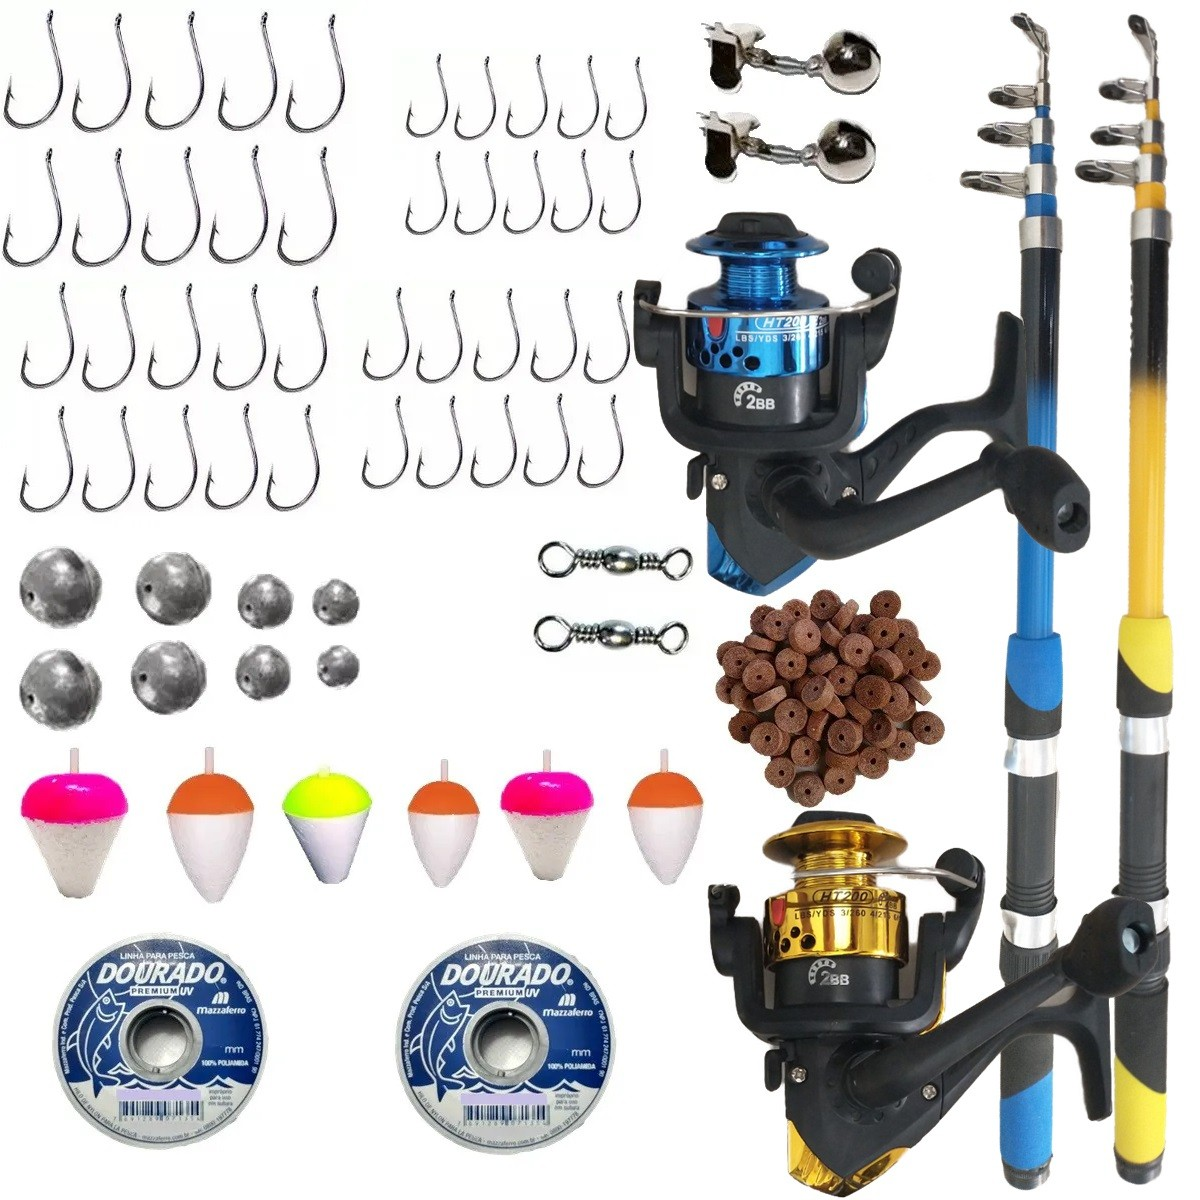 Kit De Pesca Pescaria Completa 2 Vara 2 Molinete E Itens
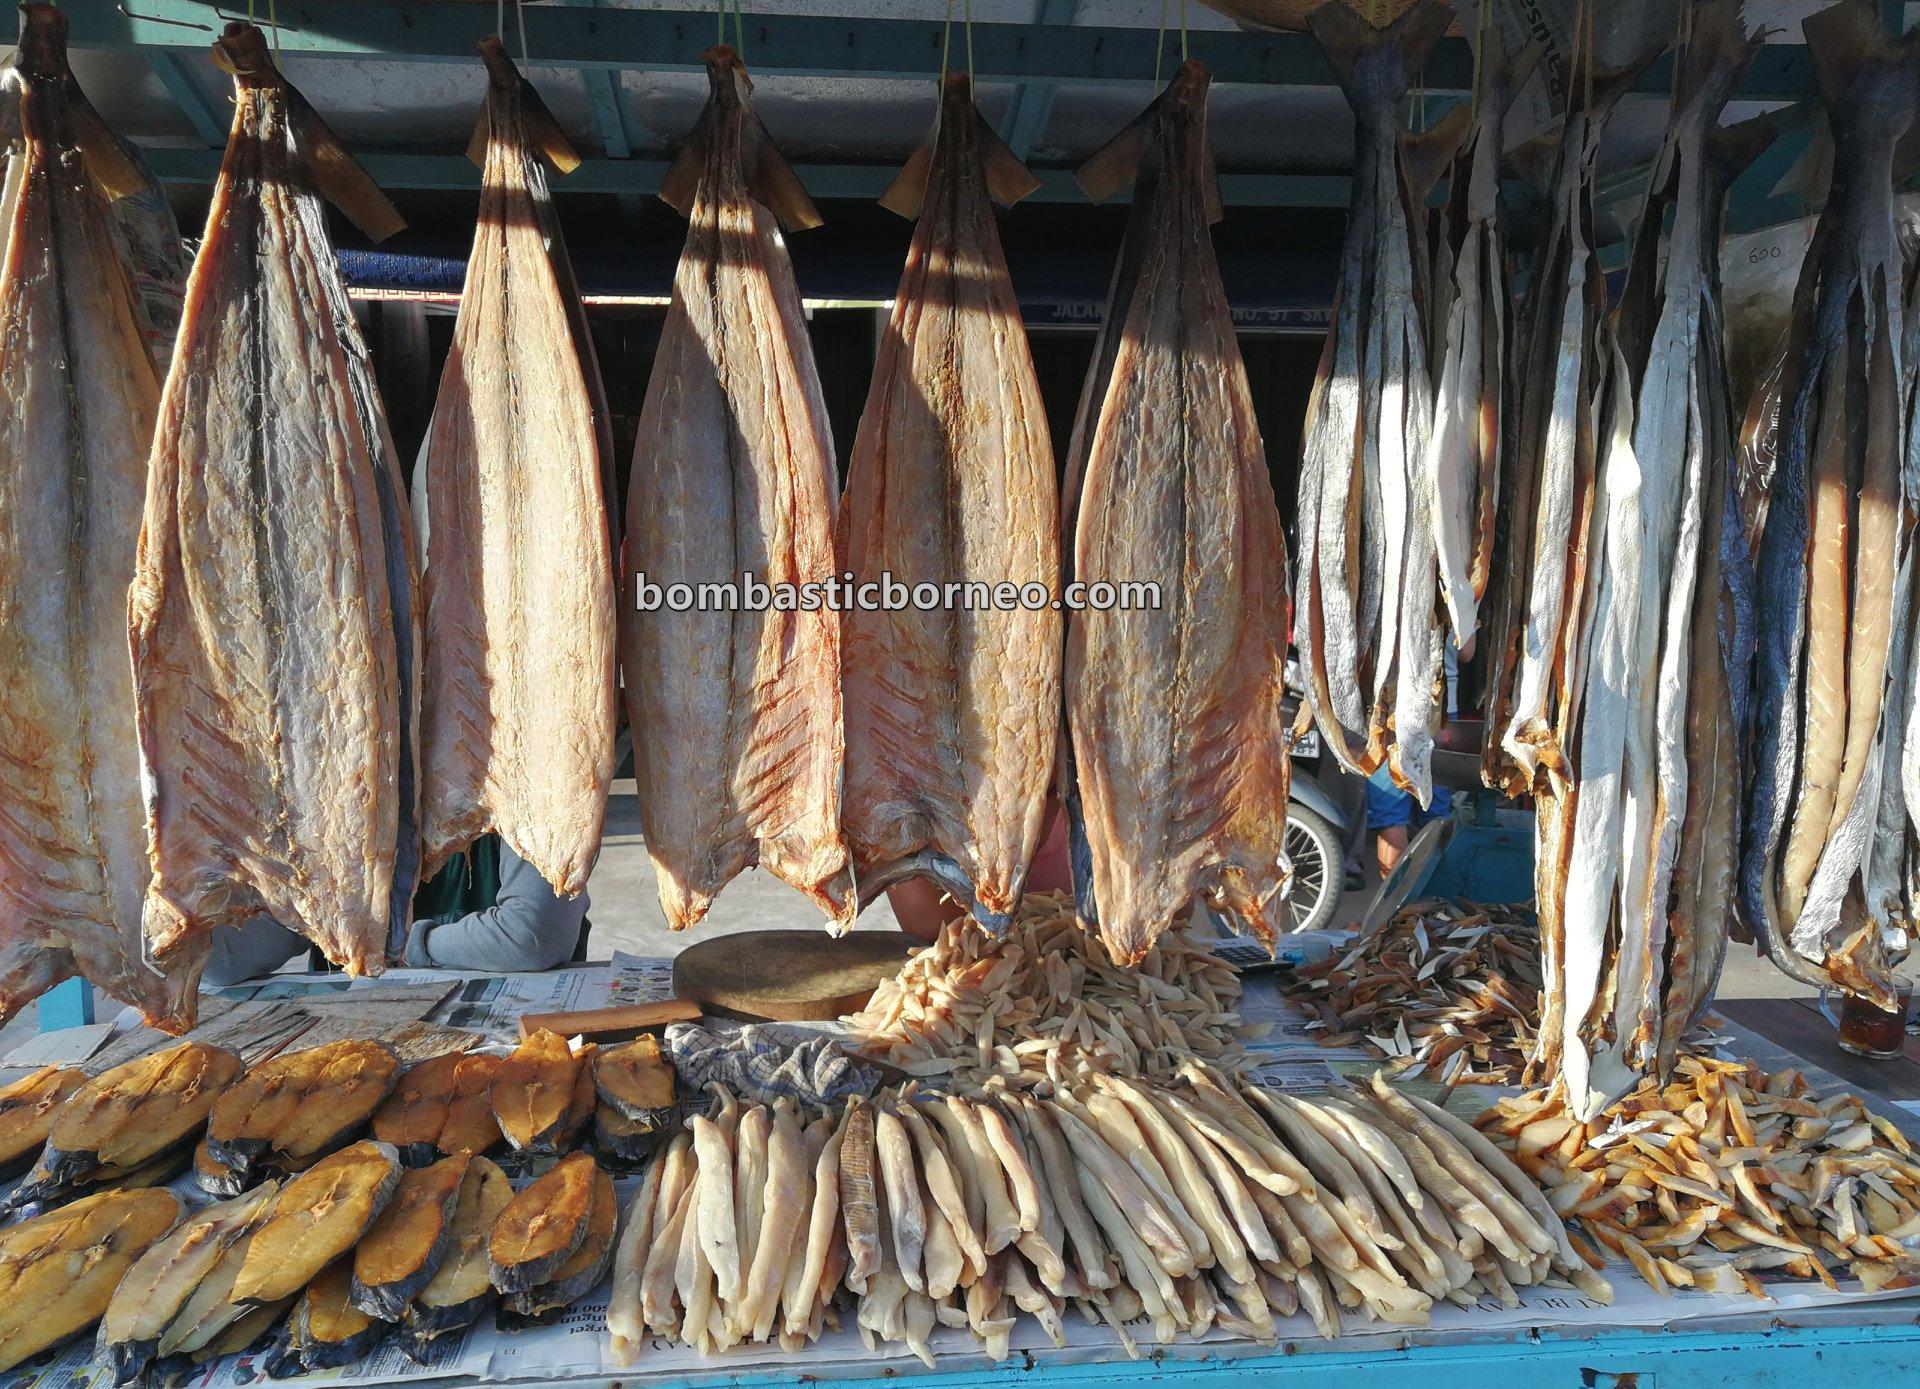 Pasar Turi, Morning Market, authentic, tradisional, destination, Indonesia, Kalimantan Barat, Kota Singkawang, seafood, salted fish, ikan asin, Obyek wisata, Tourism, travel guide, Borneo, makanan laut
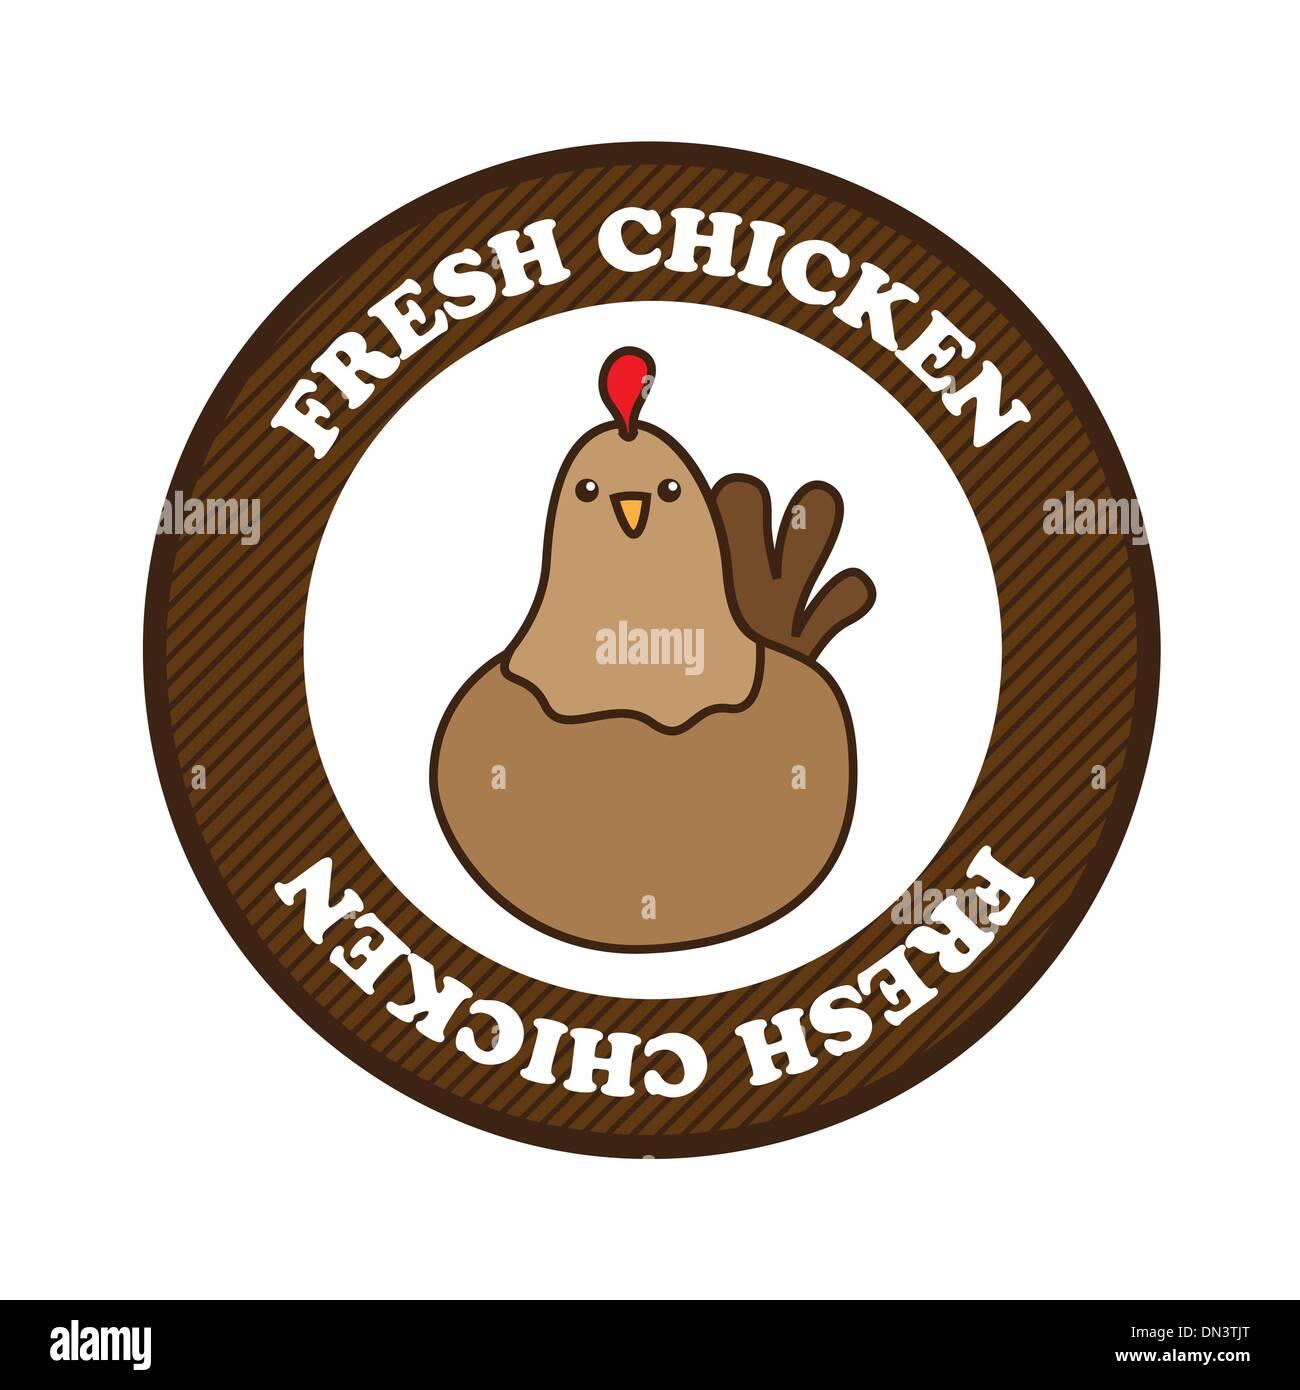 fresh chicken - Stock Vector

○ ○ ○ ○ ○

§ What you are asked to do: Could you give back the full listing word for word, leaving out the images?

§ Written response:
 Kit De Pesca Pescaria Completa 2 Vara 2 Molinete E Itens
 Pasar Turi, Morning Market, authentic, tradisional, destination, Indonesia, Kalimantan Barat, Kota Singkawang, seafood, salted fish, ikan asin, Obyek wisata, Tourism, travel guide, Borneo, makanan laut
 fresh chicken - Stock Vector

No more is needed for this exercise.